──────── DATA BLOCK

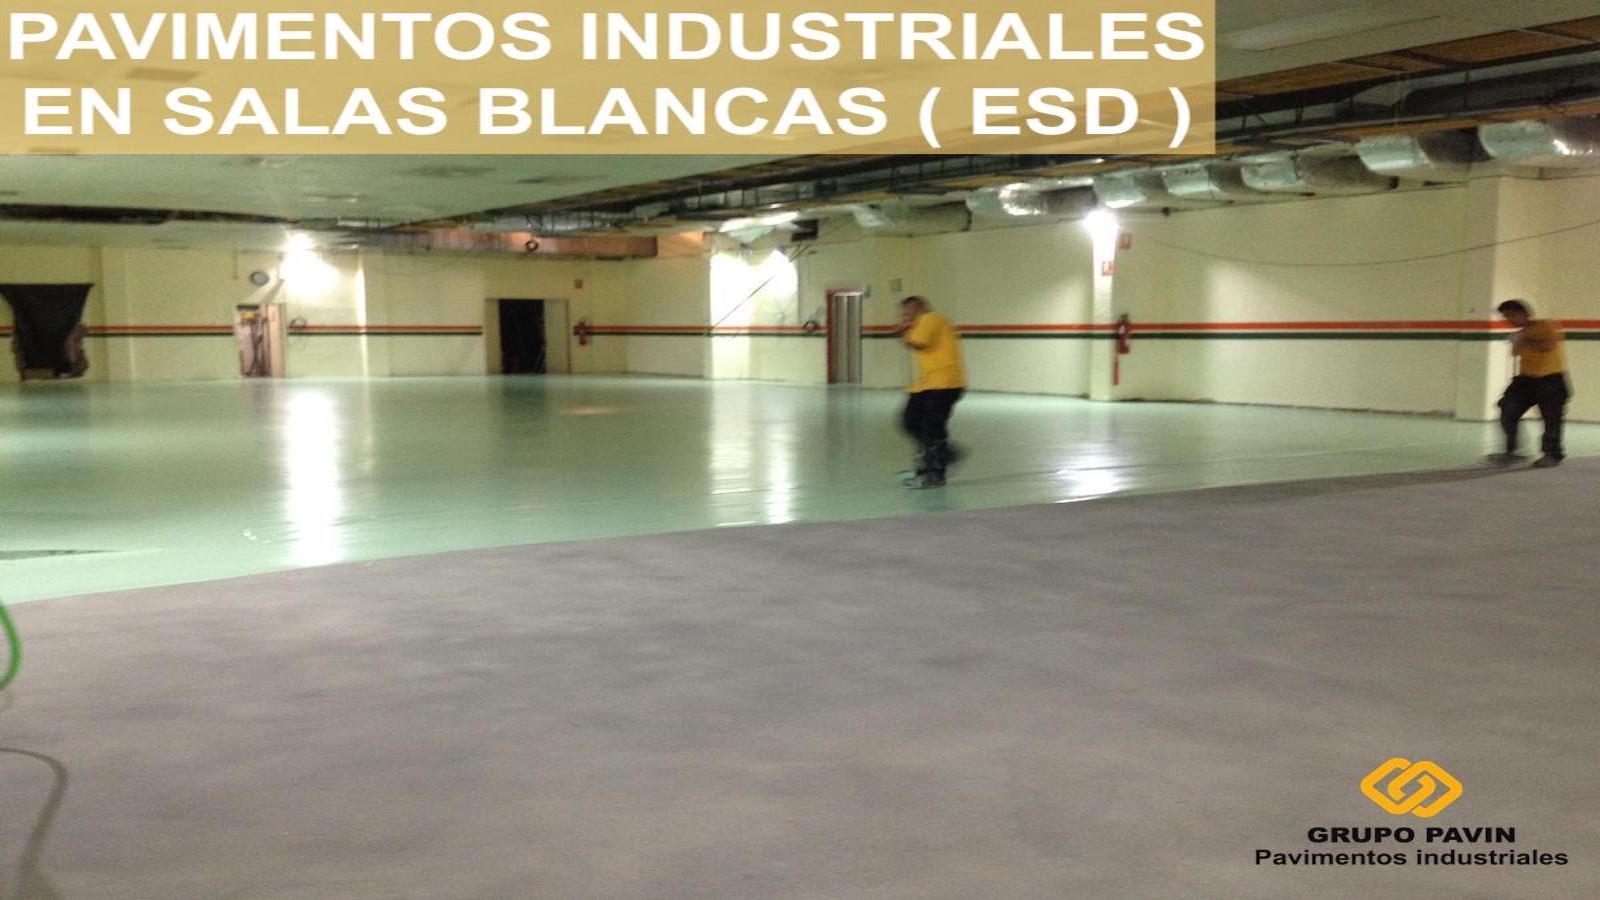 Pavimentos industriales para salas blancas ( ESD )
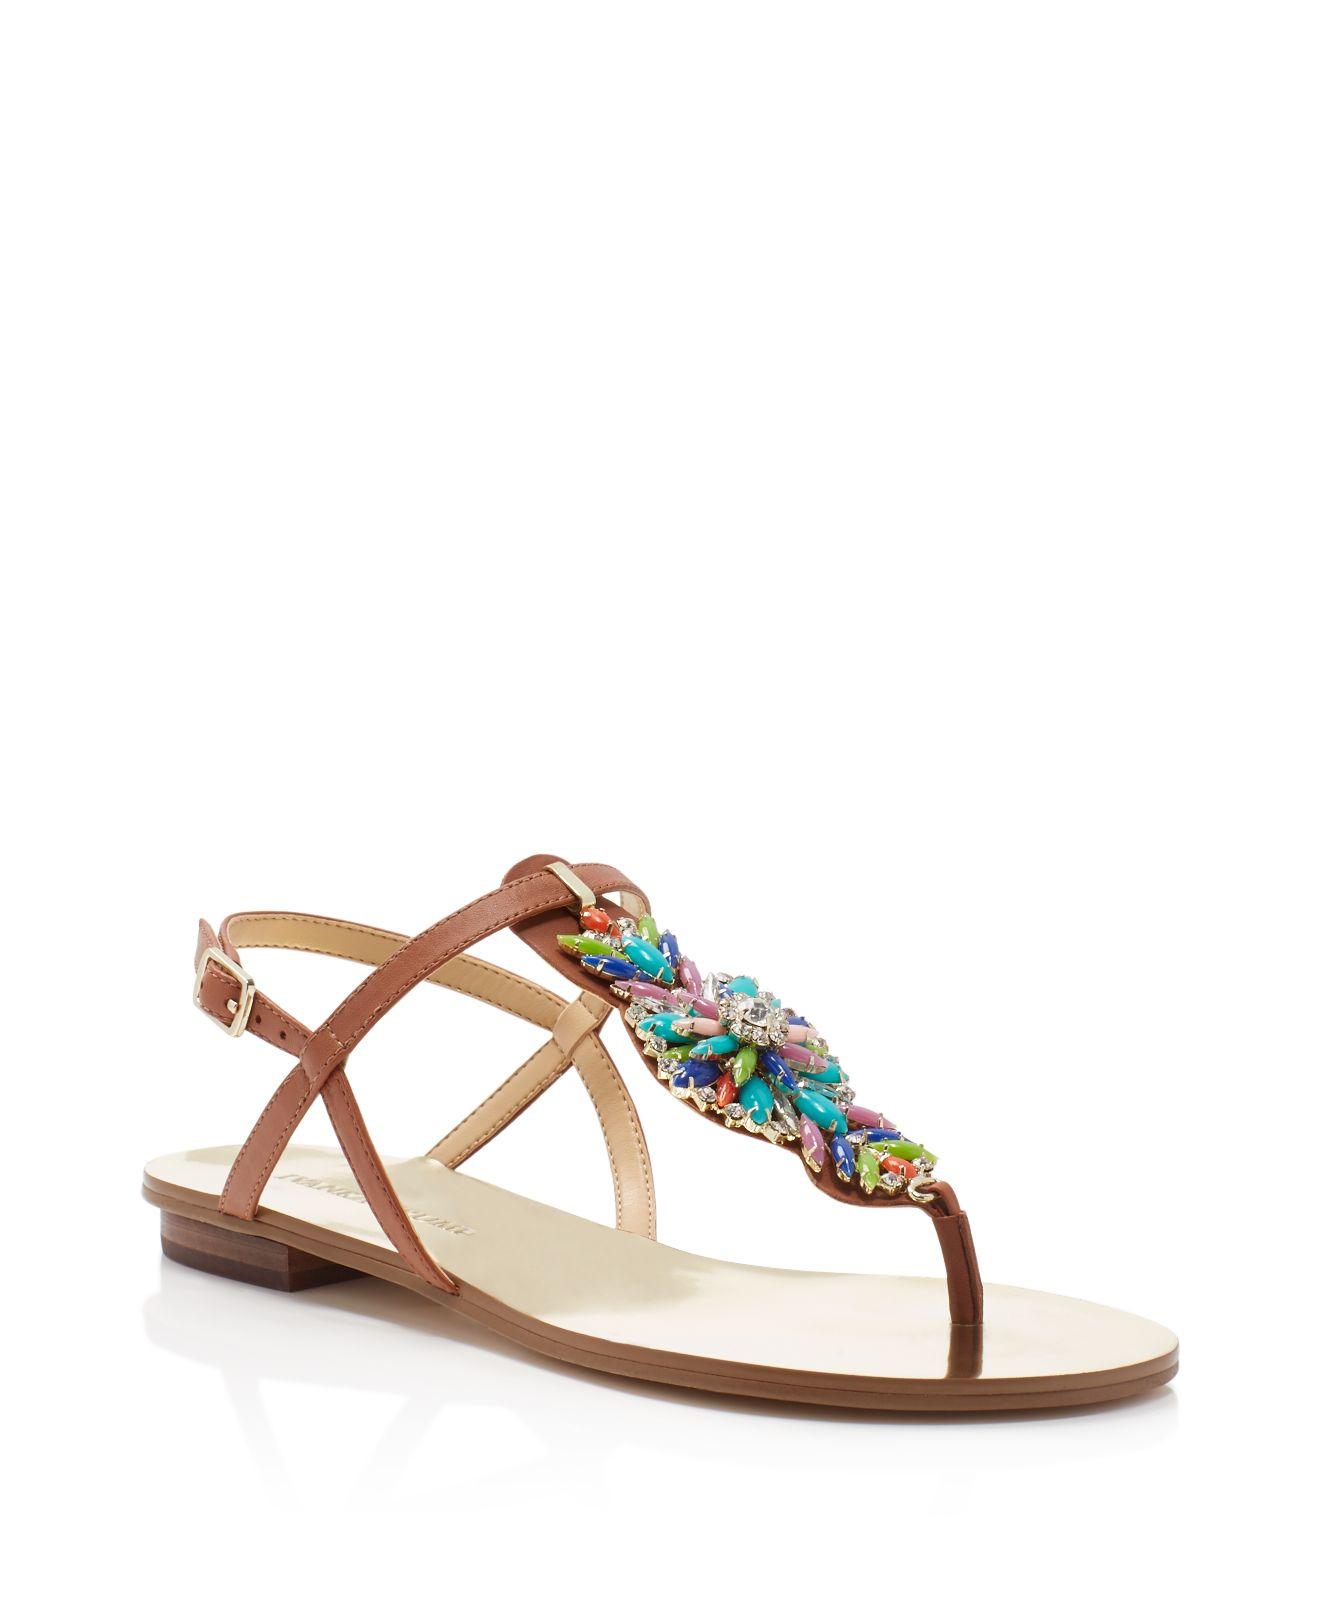 a3cf4df60 Ivanka Trump Fyona Embellished T Strap Sandals - Lyst
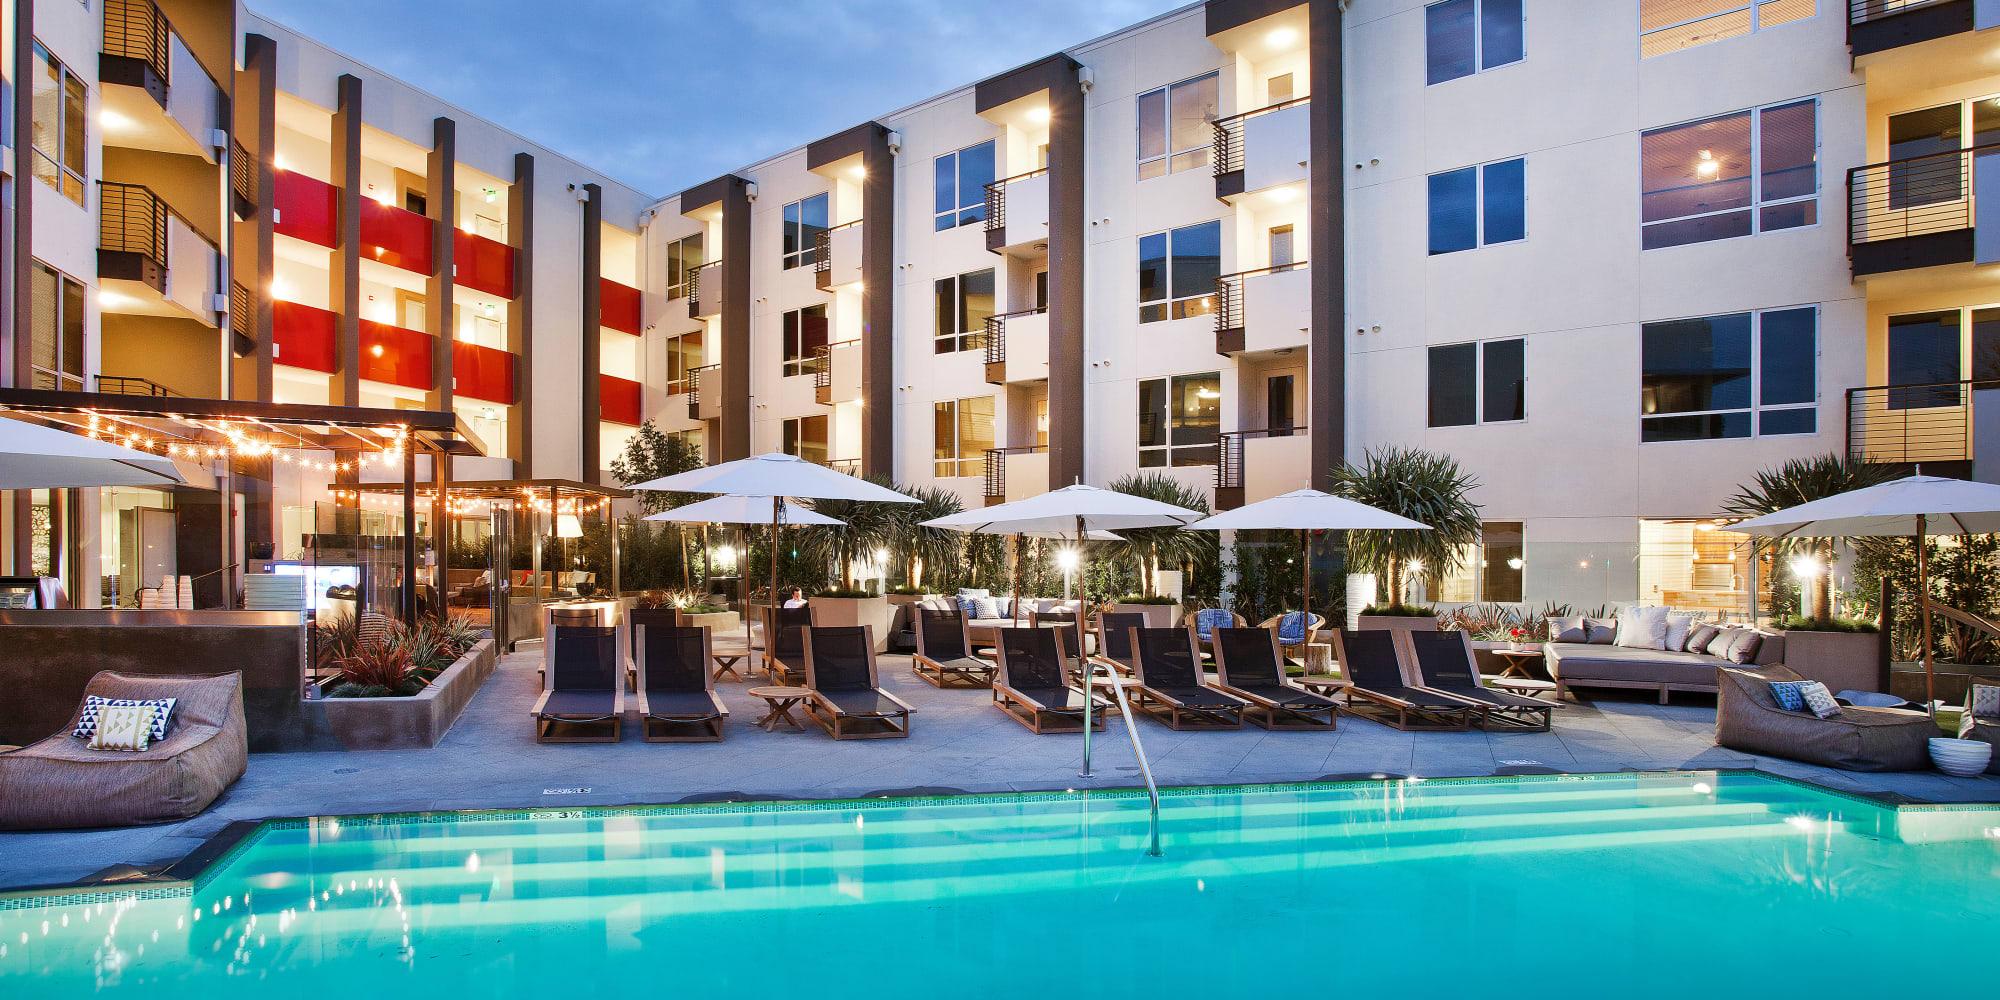 Brio Apartment Homes apartments in Glendale, California

────────────────

WHAT IS BEING ASKED:
Take the material above and set it down exactly, minus the images.

RESPONSE TO THIS TASK:
 Pavimentos industriales para salas blancas ( ESD )
 a3cf4df60 Ivanka Trump Fyona Embellished T Strap Sandals - Lyst
 Brio Apartment Homes apartments in Glendale, California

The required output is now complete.